====== Information provided

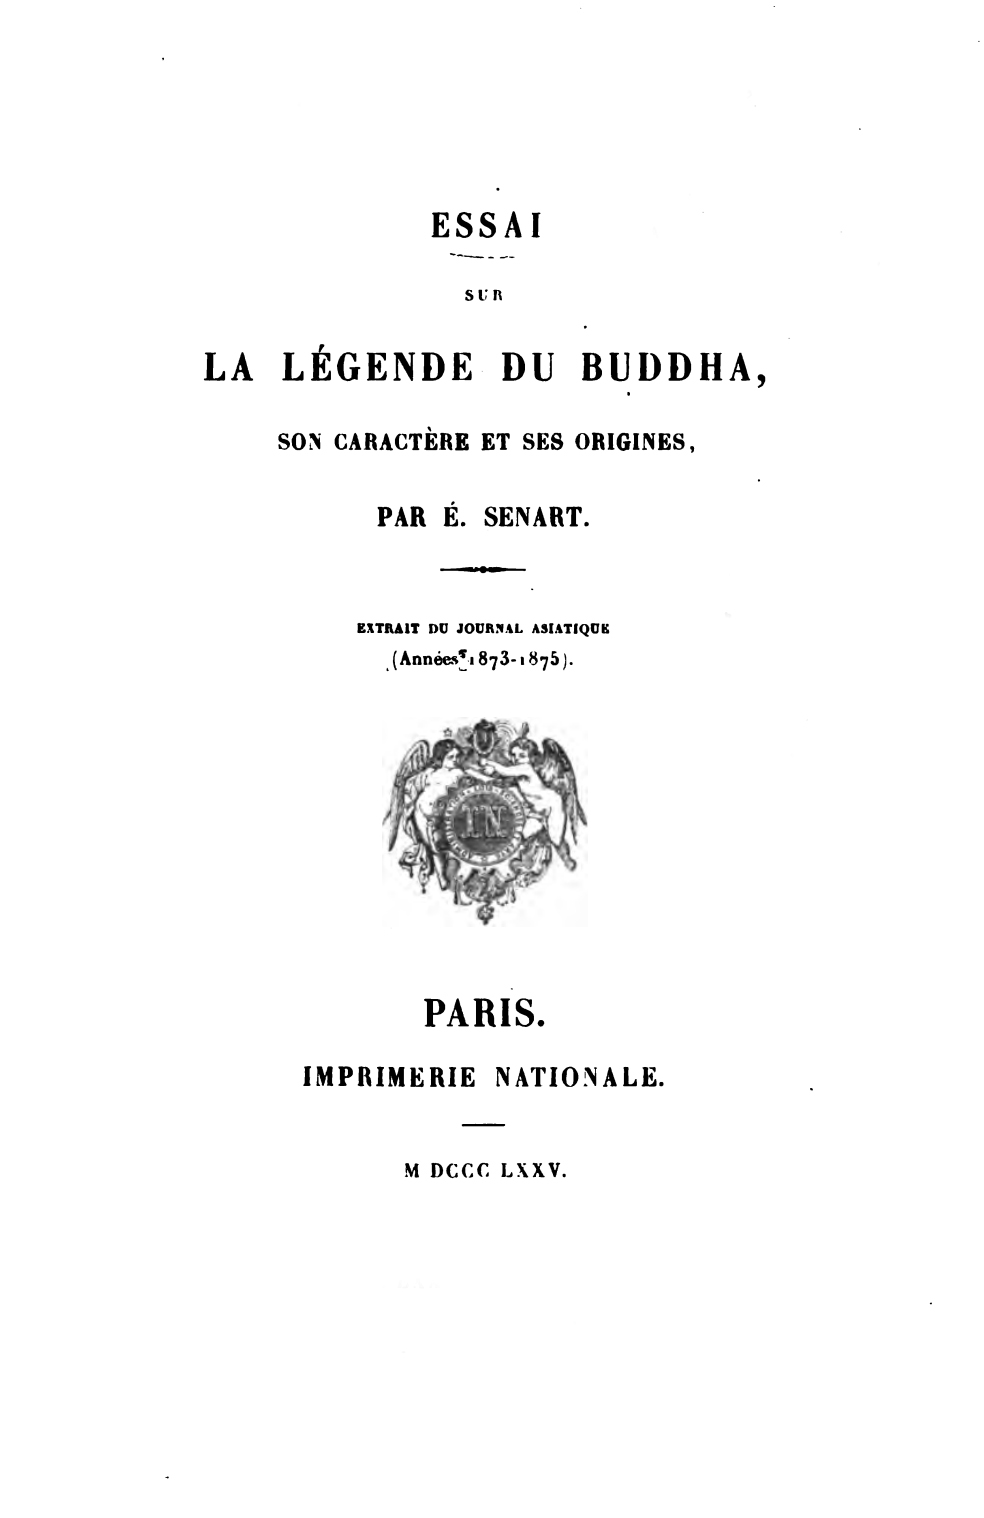 Essai sur La Legende du Buddha-front.jpg
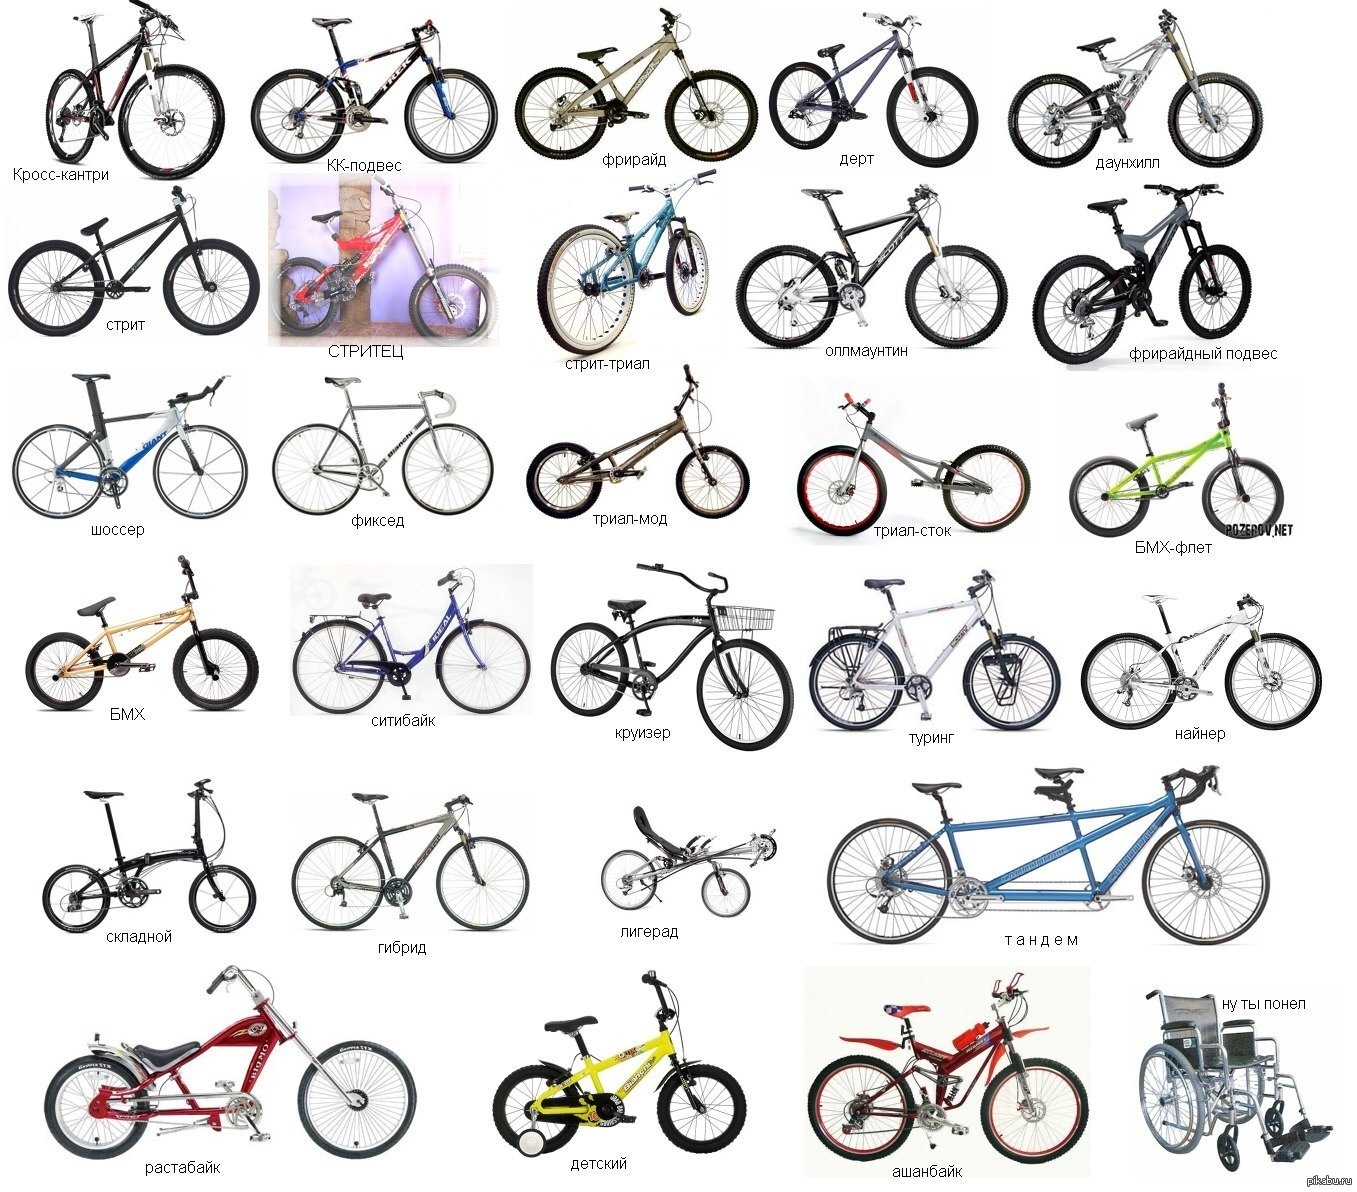 Типа велика. Классификация велосипедов. Велосипеды по видам. Разнообразия моделей велосипедов. Разные типы велосипедов.
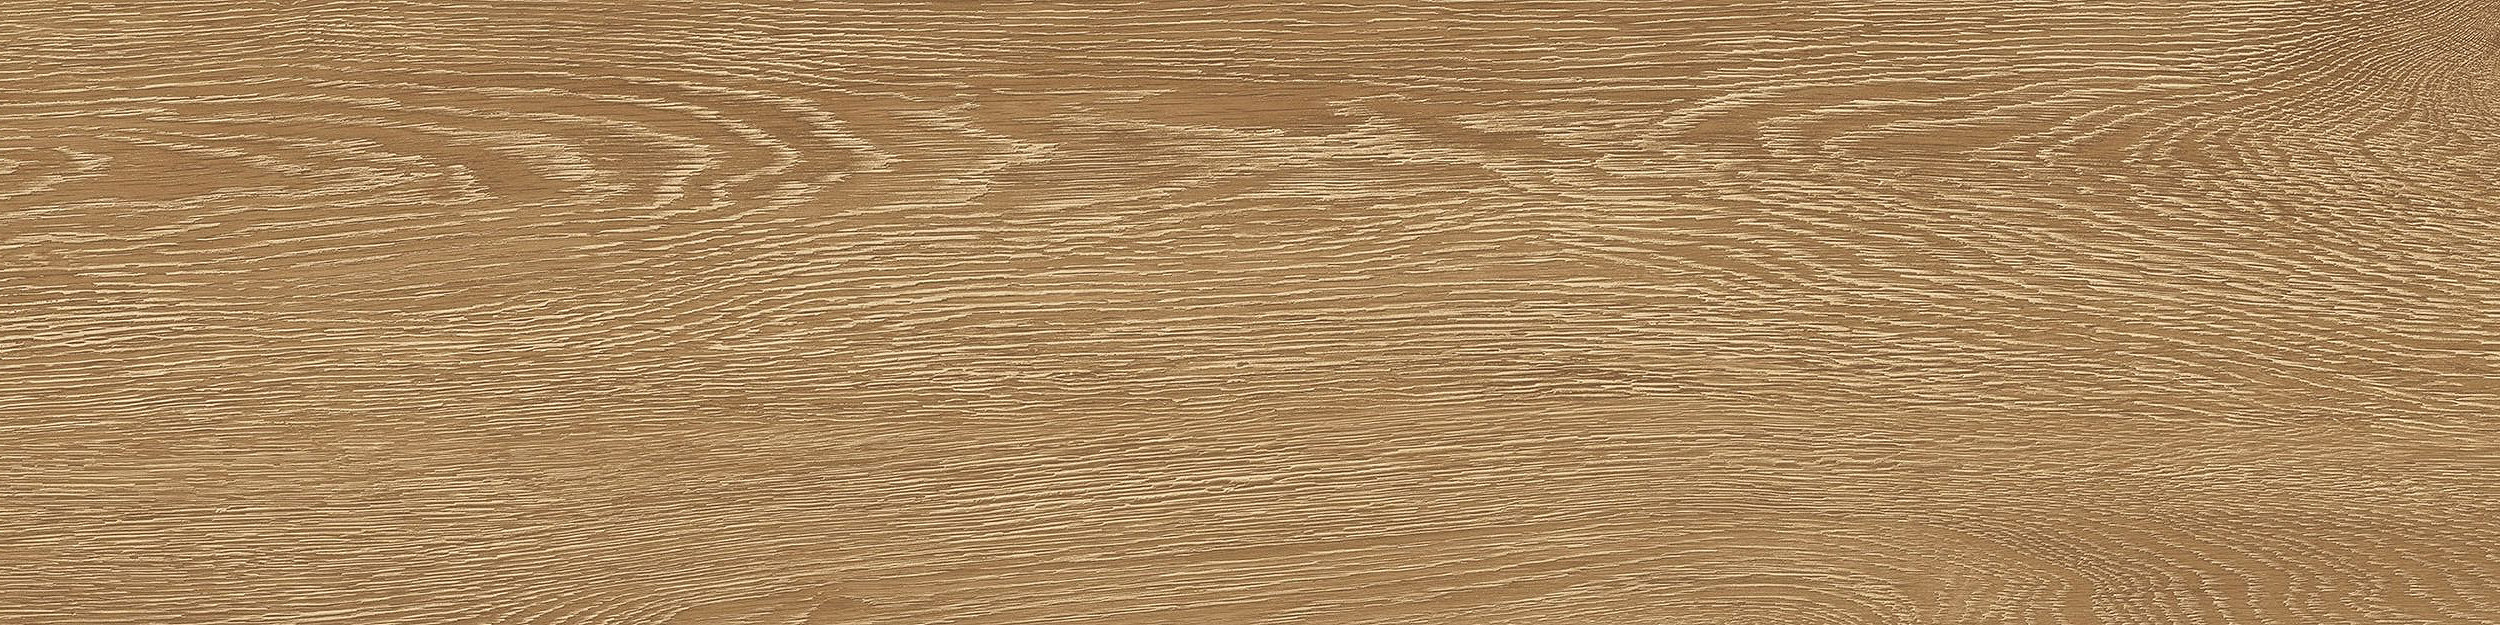 Textured Woodgrains LVT In Antique Oak image number 10

============

## Description of the task
Transcribe exactly the span of lines from the line holding "Типа велика. Классификация" through the last line above, both included. Pictures stay out.

## Written response
 Типа велика. Классификация велосипедов. Велосипеды по видам. Разнообразия моделей велосипедов. Разные типы велосипедов.
 Textured Woodgrains LVT In Antique Oak image number 10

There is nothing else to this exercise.